O Ministério Público de Minas Gerais (MPMG) recebeu informações da Companhia de Saneamento de Minas Gerais (Copasa) sobre uma possível sabotagem envolvendo quatro rompimentos de adutoras registrados em Belo Horizonte e Contagem entre agosto e setembro. A empresa também identificou danos no sistema antiodor da Lagoa da Pampulha e avalia que os episódios podem estar relacionados a ações criminosas.

A suspeita foi apresentada pela presidente da Copasa, Marília Carvalho de Melo, durante uma reunião realizada na segunda-feira (14), na sede da Unidade de Combate ao Crime e à Corrupção (UCC), em Belo Horizonte. Segundo a companhia, a hipótese surgiu a partir de levantamentos iniciais feitos internamente.
Durante o encontro, a presidente informou que a Copasa vai repassar ao Ministério Público os dados e informações já levantados sobre os episódios. A partir da análise desse material, o MPMG poderá decidir pela abertura de uma investigação criminal para verificar se houve sabotagem e identificar eventuais responsáveis.
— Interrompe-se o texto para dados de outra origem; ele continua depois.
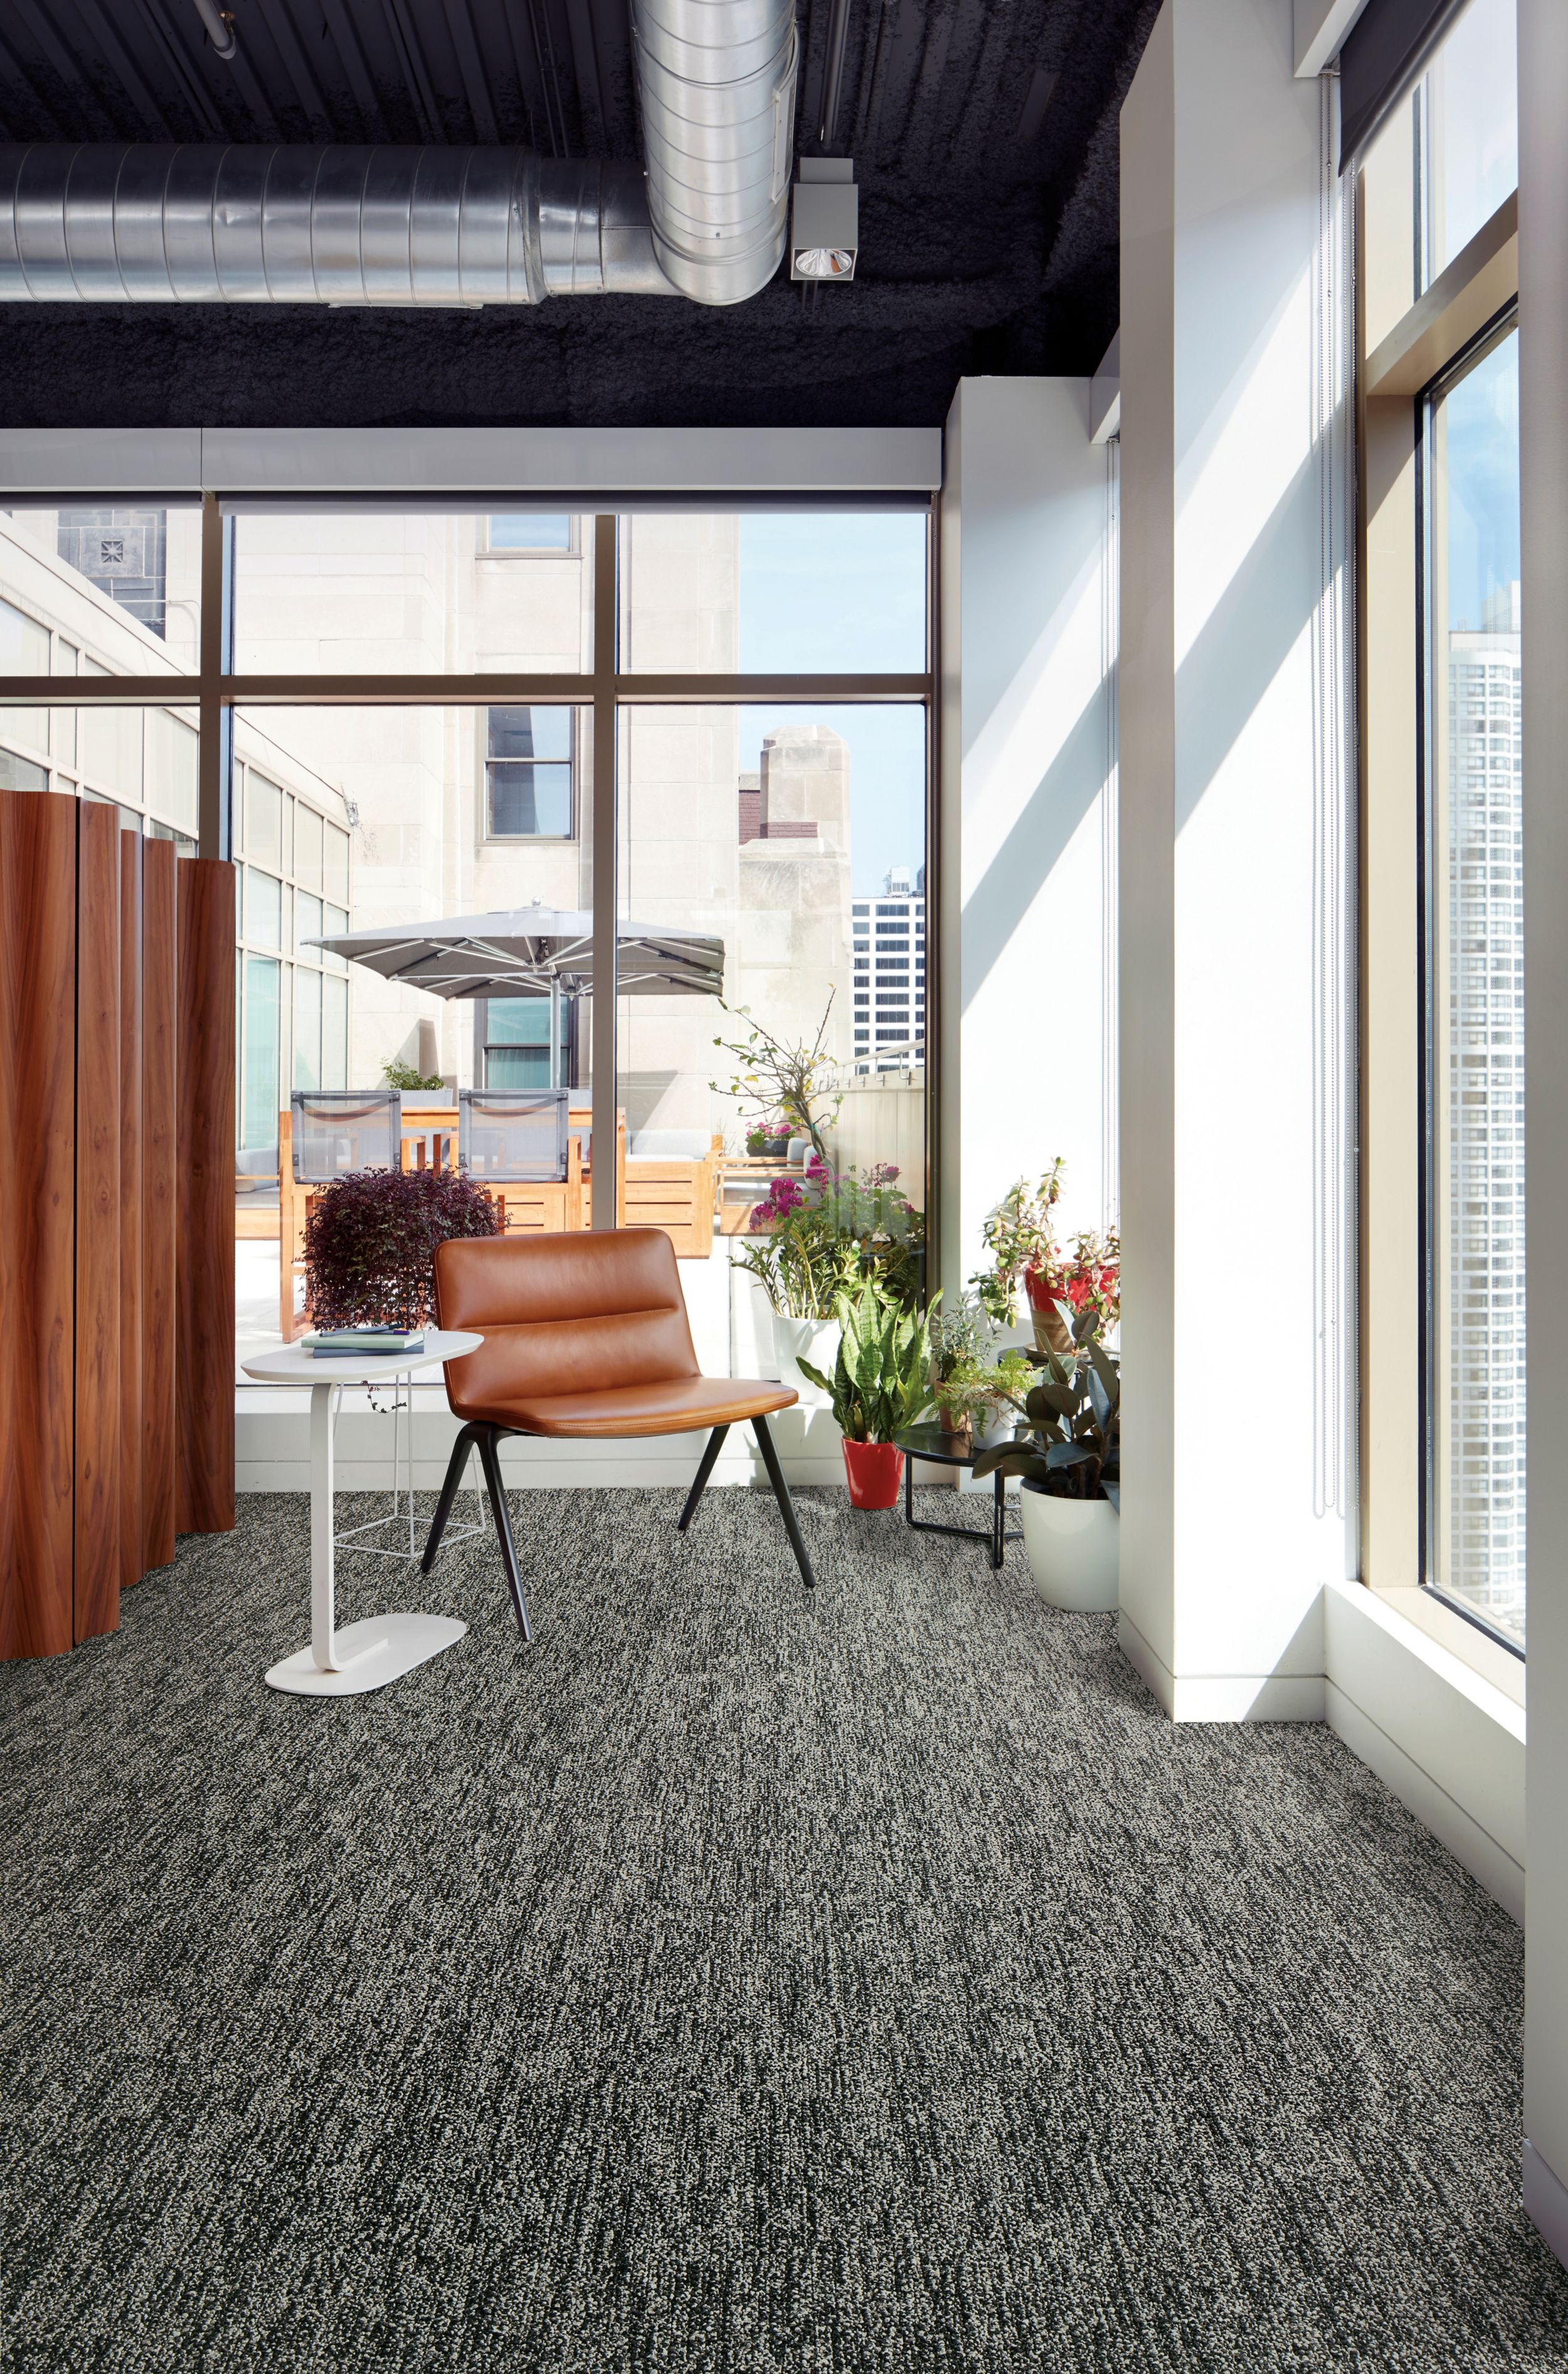 Interface Obligato plank carpet tile with leather chair and potted plants in windows imagen número 1
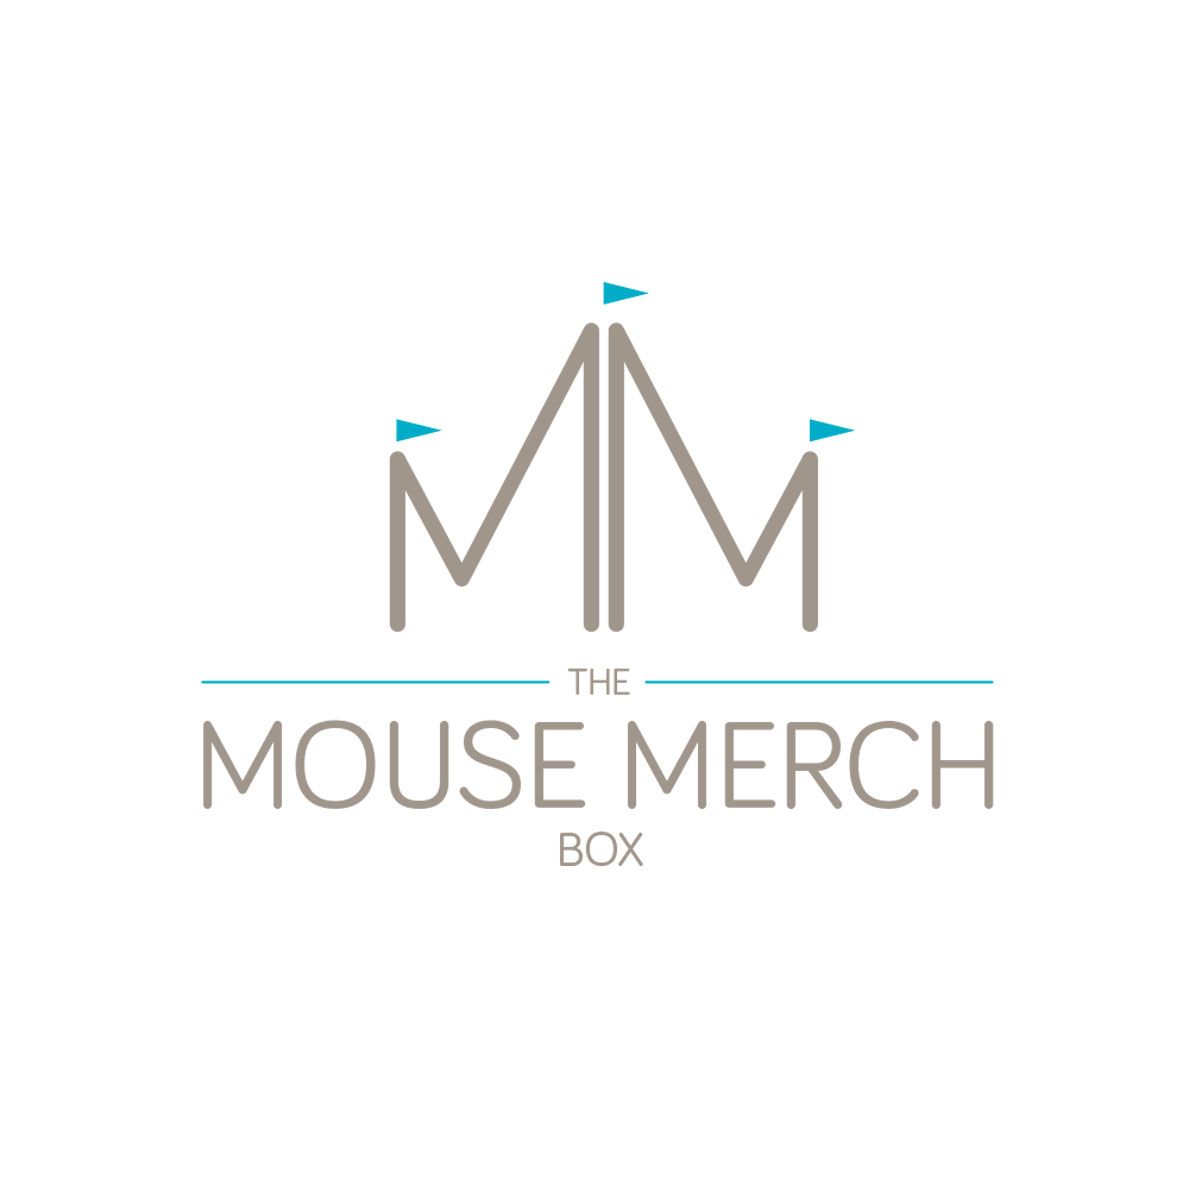 The Mouse Merch Box coupons and promo codes

A reunião contou com a participação do coordenador do Grupo de Atuação Especial de Combate ao Crime Organizado (Gaeco), promotor de Justiça Giovani Avelar Oliveira, e do promotor Thiago Augusto Vale Lauria, da Coordenadoria Estadual de Investigação Criminal e Articulação Policial (Coeic).
Rompimentos ocorreram em diferentes pontos
O primeiro rompimento ocorreu na madrugada de 19 de agosto, na Rua Xapuri, no bairro Nova Granada, na região Oeste de Belo Horizonte. A ocorrência provocou alagamentos e fez com que a água invadisse imóveis e atingisse vias da região.
Em 5 de setembro, uma nova adutora se rompeu na Praça Guimarães Rosa, no bairro Cidade Nova, na região Nordeste da capital.
Dois dias depois, durante o feriado de 7 de setembro, outro rompimento foi registrado no bairro Milionários, na região do Barreiro.
O quarto caso ocorreu às margens da BR-040, no bairro Kennedy, em Contagem, na Região Metropolitana de Belo Horizonte.
Além dos problemas nas adutoras, a Copasa identificou danos no sistema antiodor, instalado na Lagoa da Pampulha. Durante uma vistoria técnica realizada em 8 de setembro, foram encontradas peças danificadas e constatada a ausência de cabos que, segundo a empresa, haviam sido furtados. Os danos comprometeram o funcionamento do equipamento.
O sistema fica nas proximidades do Aeroporto da Pampulha. O caso foi incluído nas informações apresentadas pela companhia ao MPMG, que deverá analisar o material antes de definir os próximos passos da apuração.
Até o momento, a sabotagem é tratada como uma hipótese levantada pela própria Copasa. Não há, nas informações divulgadas pelo MPMG, confirmação de que os rompimentos e os danos ao sistema antiodor tenham sido provocados intencionalmente.